The health region says its internal investigation has verified that concerns focus only on administrative issues, and there is no evidence to suggest that there are concerns with the safety or quality of the work performed by the contractor.

The health region has also notified the provincial auditor and filed a loss report with the Financial Services Branch for a loss that could exceed $100,000. The amount of the loss will be further quantified through the evidence that will be gathered by the police as part of their investigation and through the civil court process, the health region said.

“RQHR recognizes the critical importance of appropriate and prudent stewardship of and accountability for public funds,” Dewar said.

“We clearly regret that this has occurred and assure the public that we will take all steps not only to recover any funds owing, but to take all appropriate measures to prevent any similar occurrences in the future.”

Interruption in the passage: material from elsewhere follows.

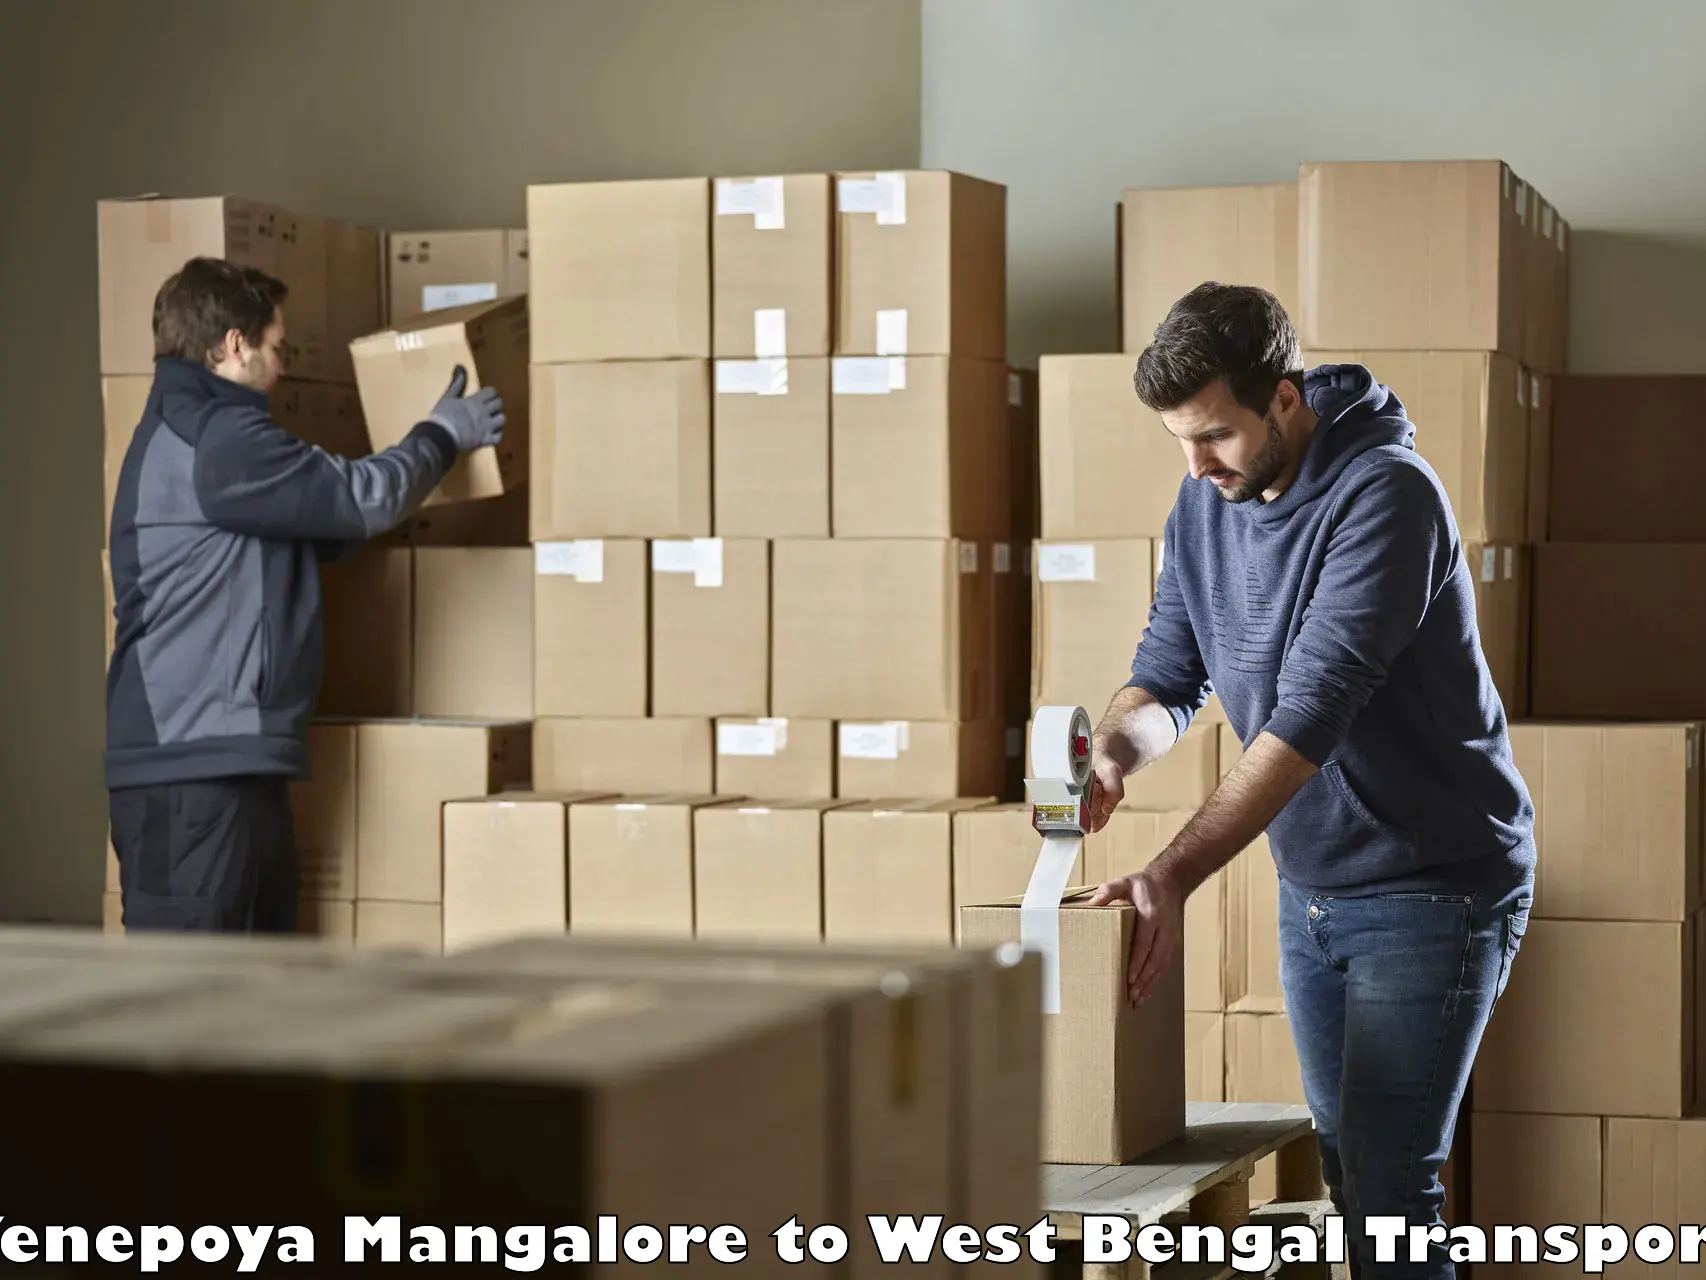 Pick up transport service Yenepoya Mangalore to West Bengal

The health region says, as part of its investigation, it took immediate steps to remove the contractor’s ability to provide services. The Region ceased payment of all outstanding invoices pending verification of work performed.

Internal verification controls and procurement practices were improved to mitigate risk and the health region has also engaged the services of MNP to provide additional insight into areas for improvement.

“We look forward to any recommendations from MNP and the Provincial Auditor which may assist us in further tightening our controls and practices,” Dewar said.

The health region has not released the name of the contractor. The allegations have not been proven in court.